» Records for this task
* * * * *

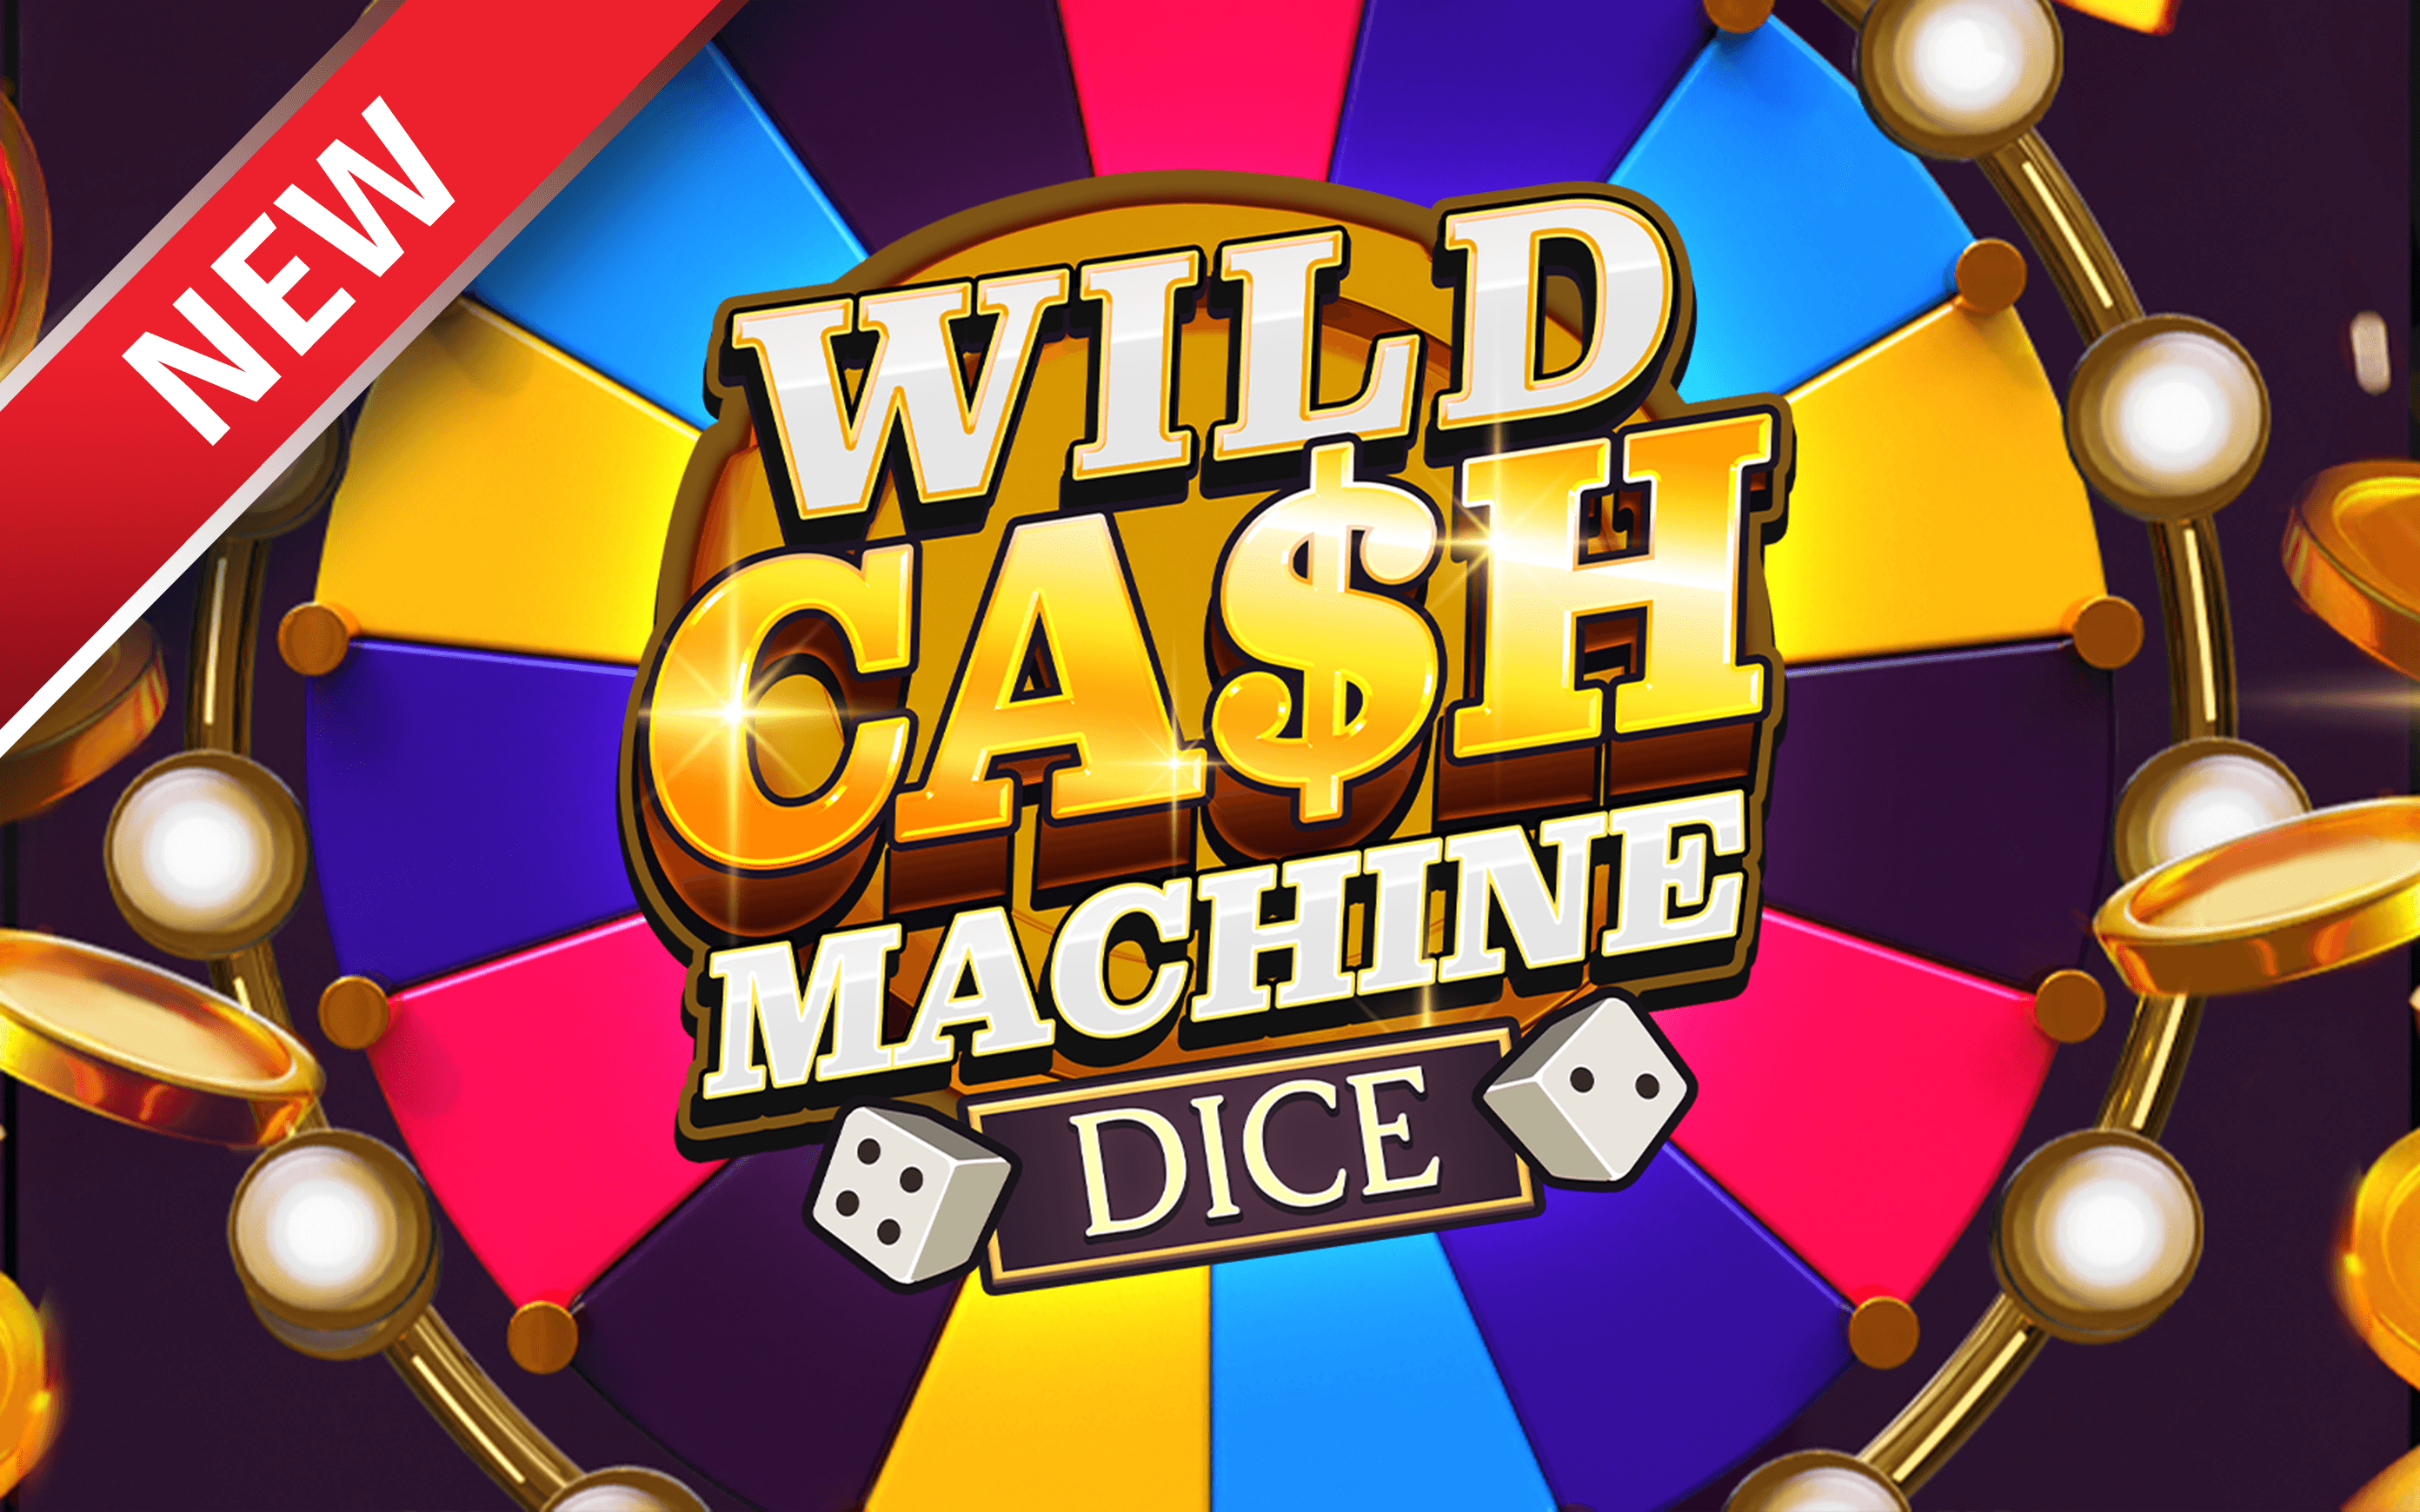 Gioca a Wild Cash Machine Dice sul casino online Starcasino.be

* * * * *

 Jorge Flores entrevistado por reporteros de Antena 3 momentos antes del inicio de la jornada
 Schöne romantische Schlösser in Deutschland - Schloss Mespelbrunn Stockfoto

* * * * *

Give back exactly the lines of the listing above that run from the line with "Jorge Flores entrevistado" to the line with "Schöne romantische Schlösser", inclusive.

 Jorge Flores entrevistado por reporteros de Antena 3 momentos antes del inicio de la jornada
 Schöne romantische Schlösser in Deutschland - Schloss Mespelbrunn Stockfoto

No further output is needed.